AIM OF THE EXERCISE: Return each line below exactly as it reads, and omit any image in it.

THE DATA:
__________________________________________________

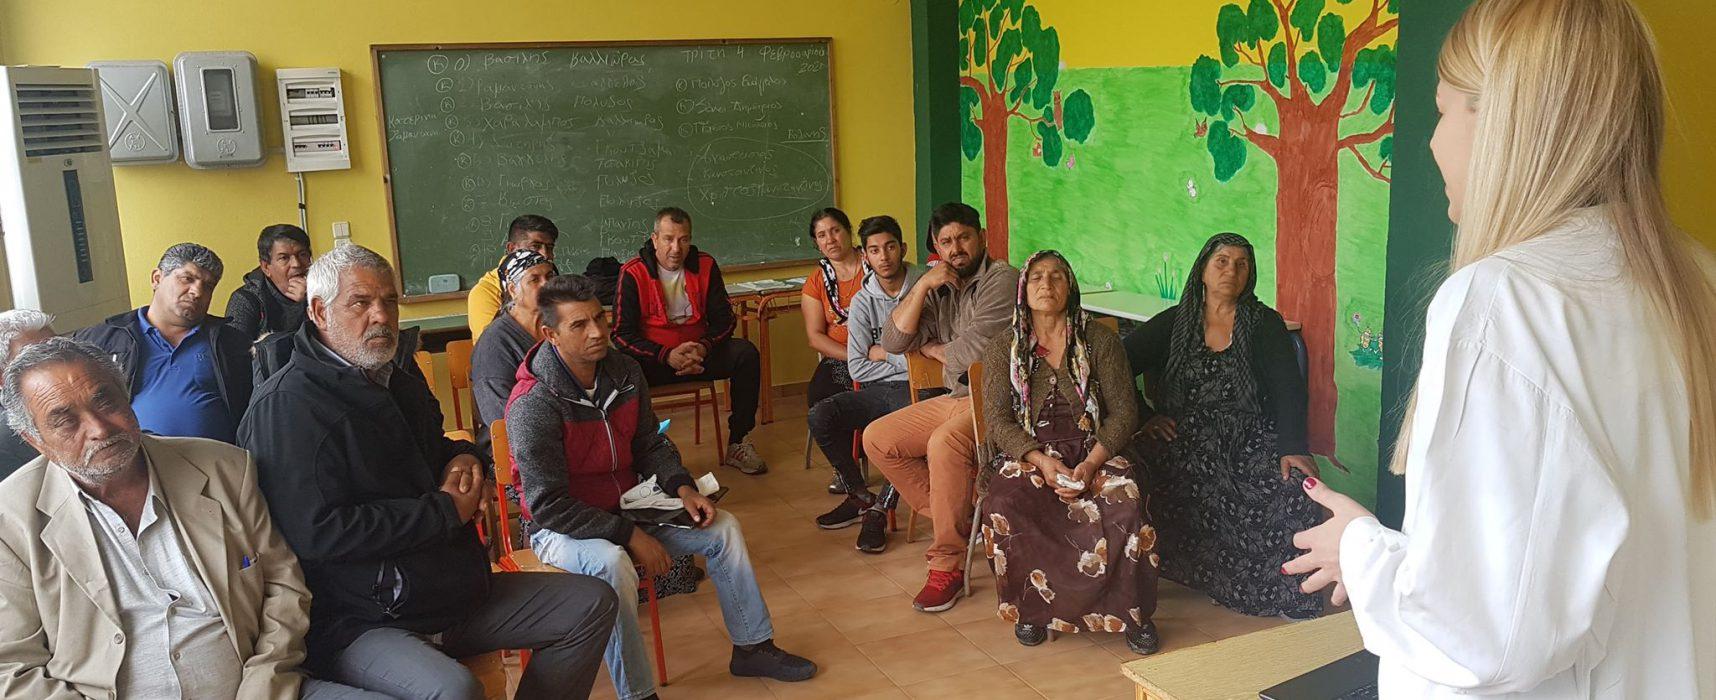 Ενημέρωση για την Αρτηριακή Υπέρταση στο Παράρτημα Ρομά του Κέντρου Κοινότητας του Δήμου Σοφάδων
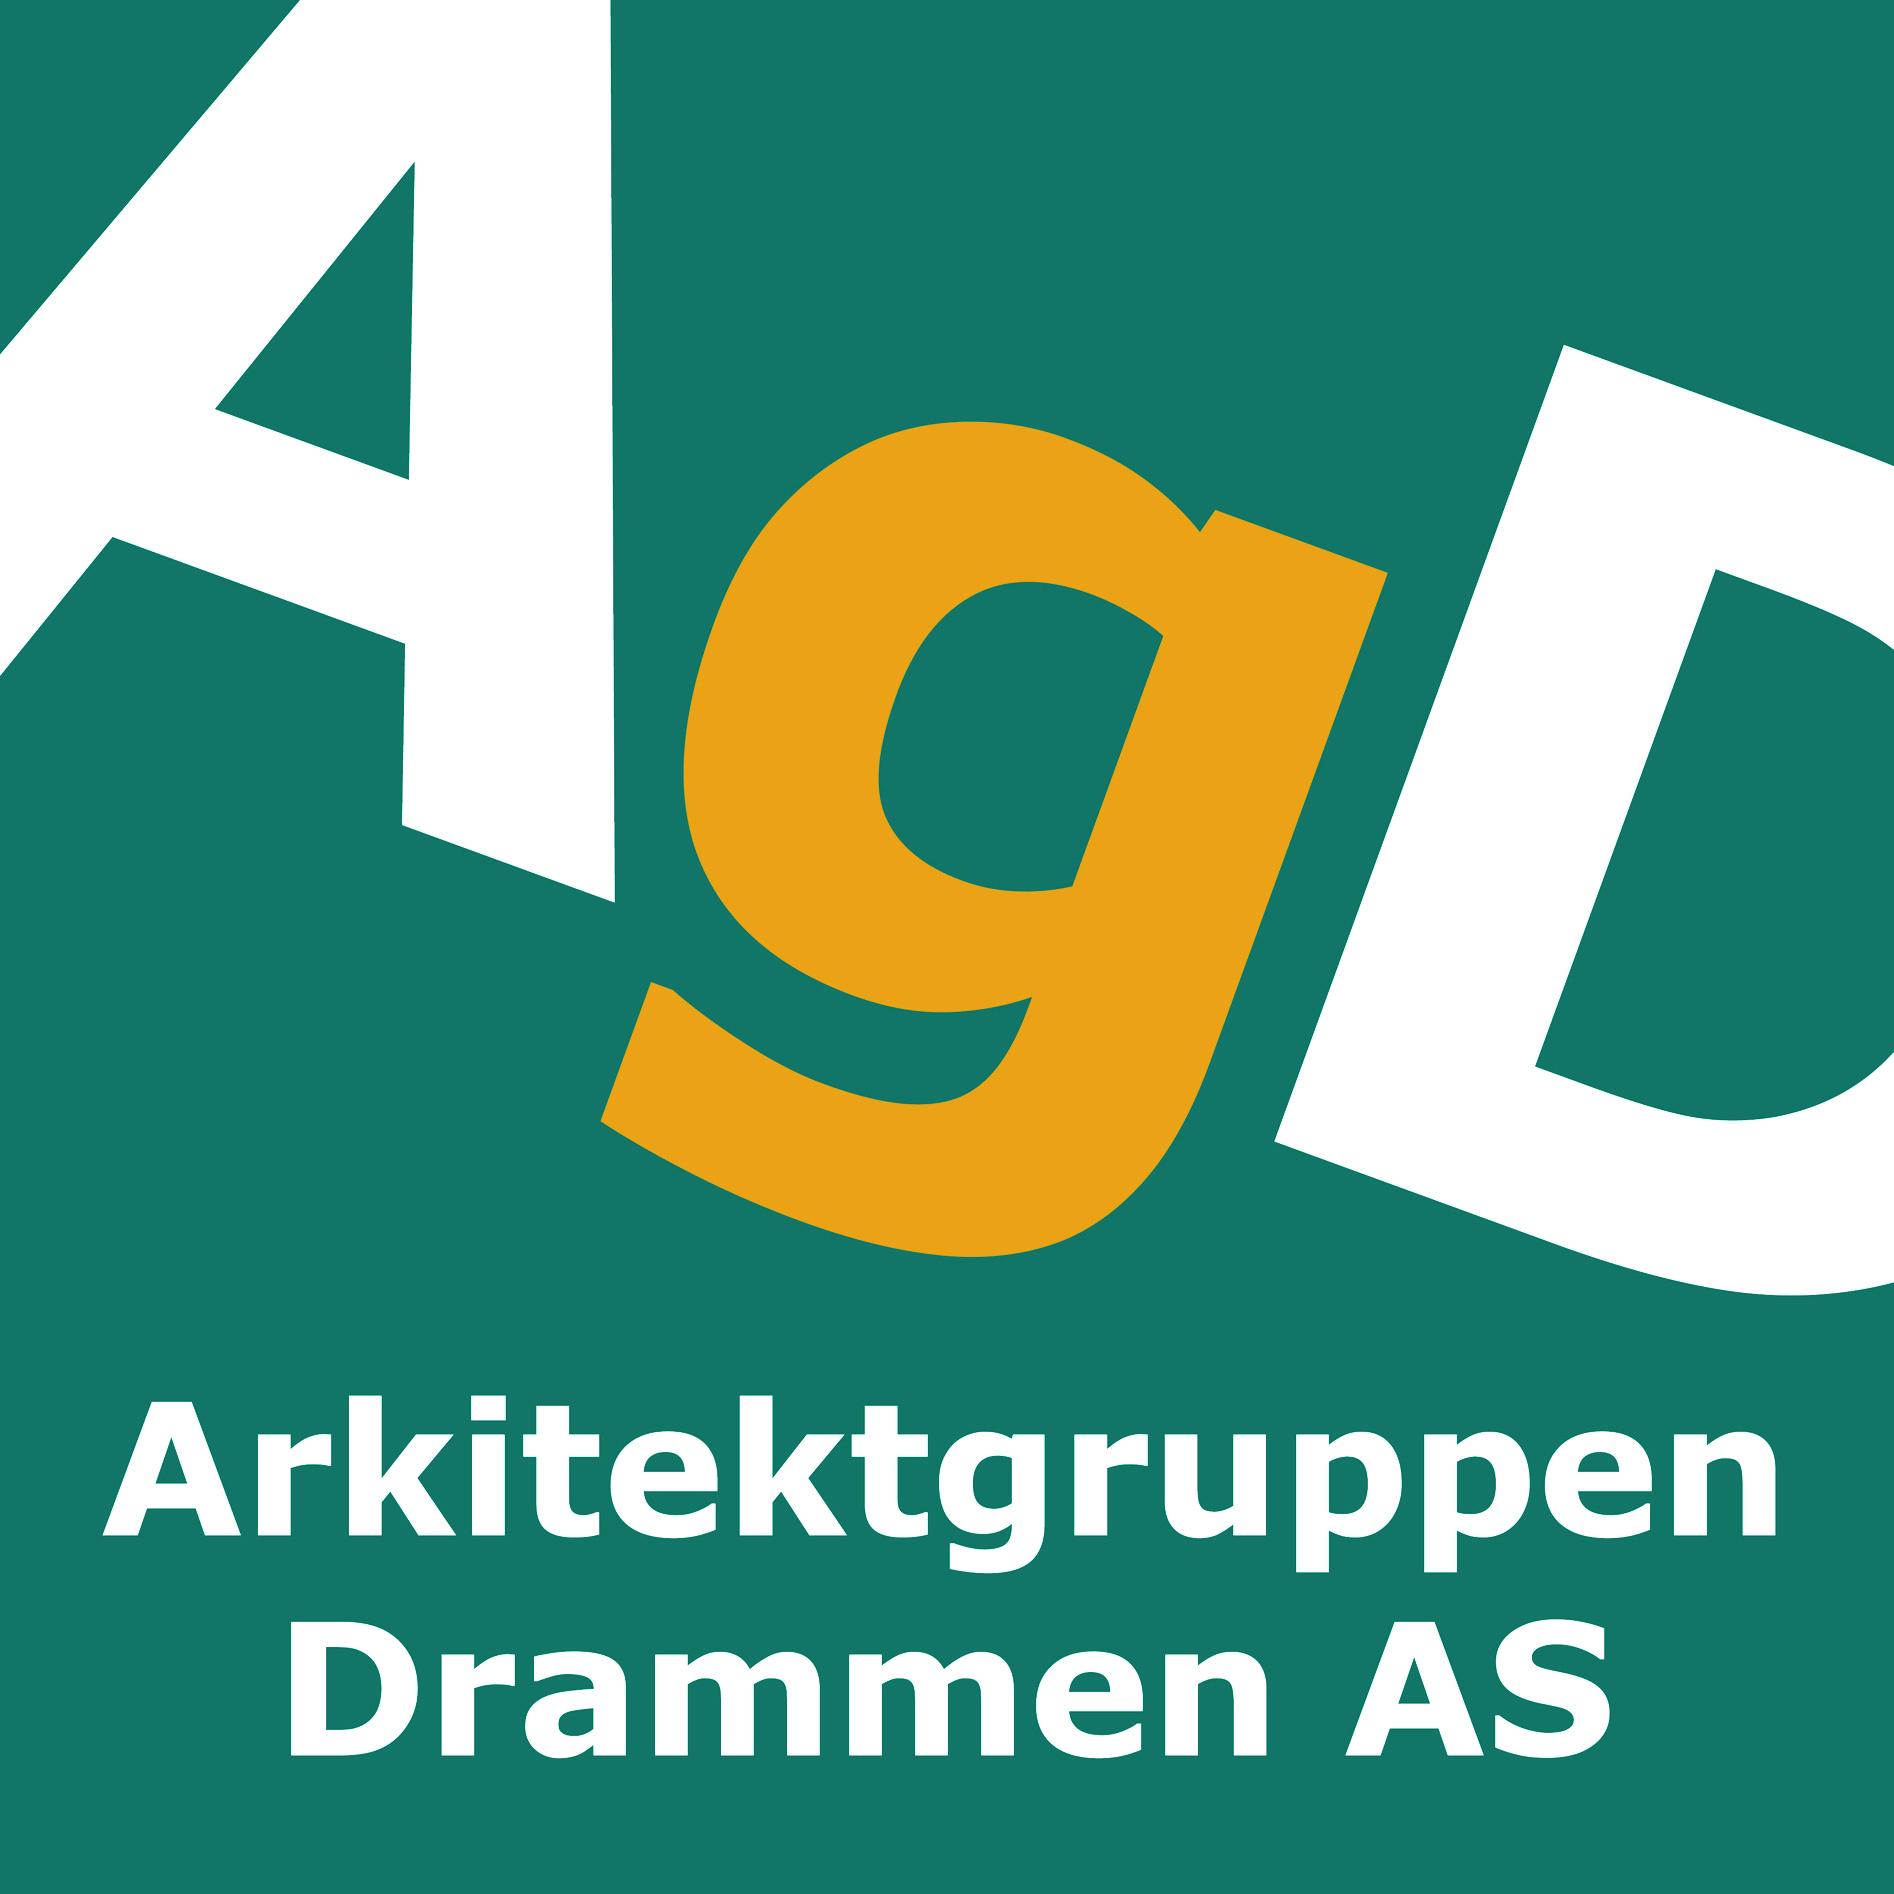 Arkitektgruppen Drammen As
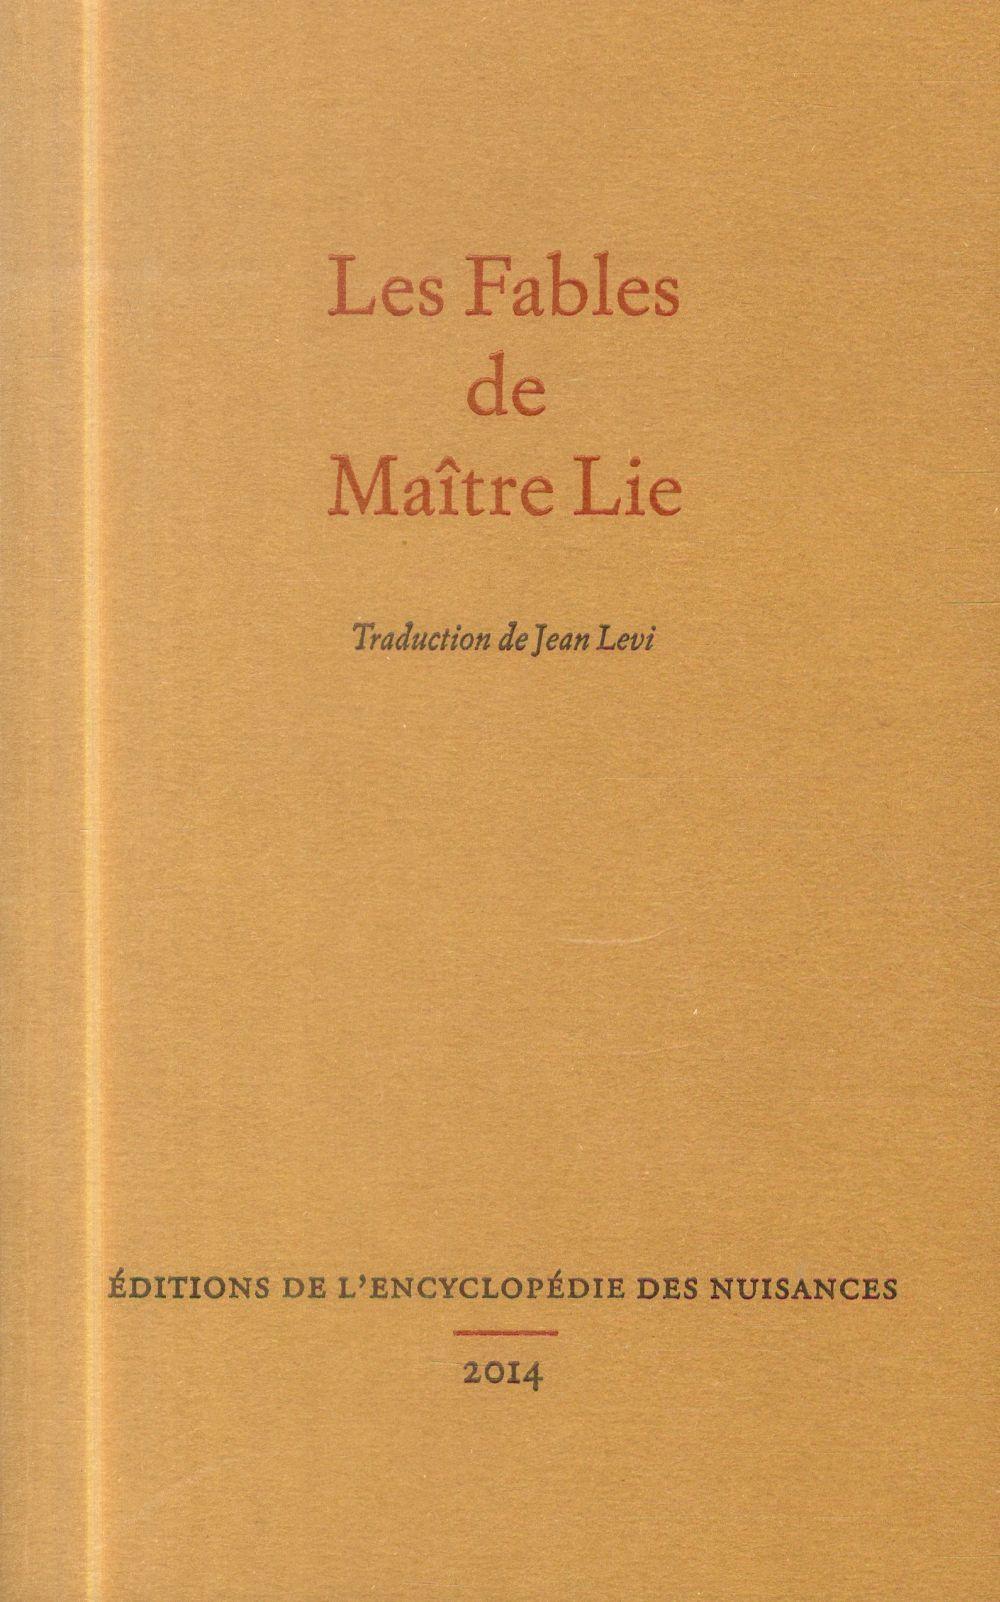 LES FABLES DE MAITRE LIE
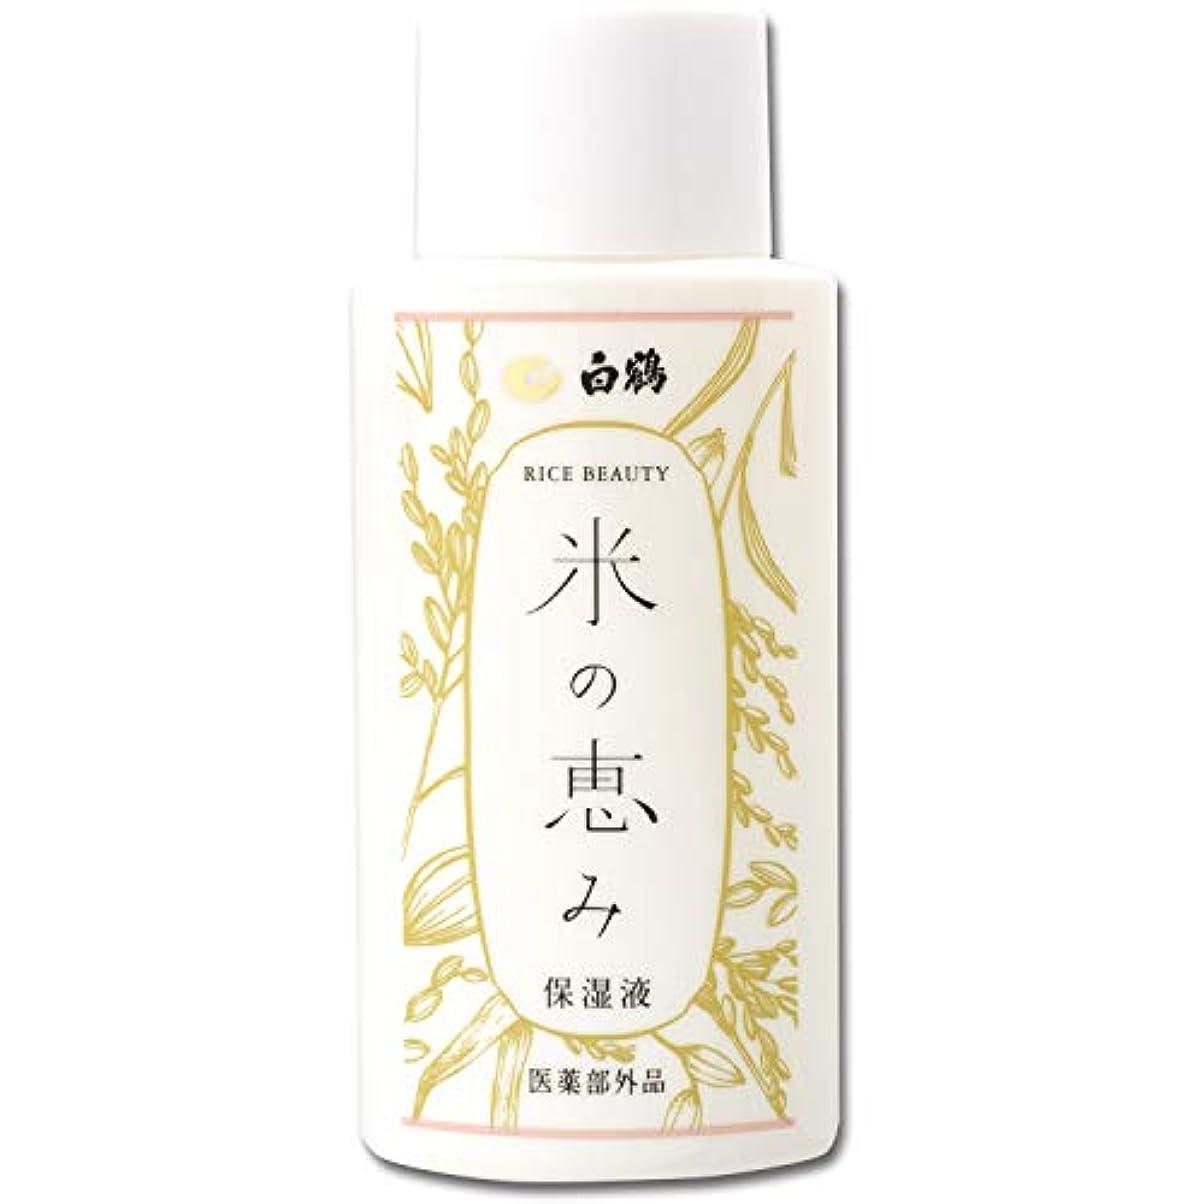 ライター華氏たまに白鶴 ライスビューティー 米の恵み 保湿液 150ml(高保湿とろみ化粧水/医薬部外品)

__________________________________________________

EXPECTED ANSWER:
 Ενημέρωση για την Αρτηριακή Υπέρταση στο Παράρτημα Ρομά του Κέντρου Κοινότητας του Δήμου Σοφάδων
 Arkitektgruppen Drammen As
 LES FABLES DE MAITRE LIE
 ライター華氏たまに白鶴 ライスビューティー 米の恵み 保湿液 150ml(高保湿とろみ化粧水/医薬部外品)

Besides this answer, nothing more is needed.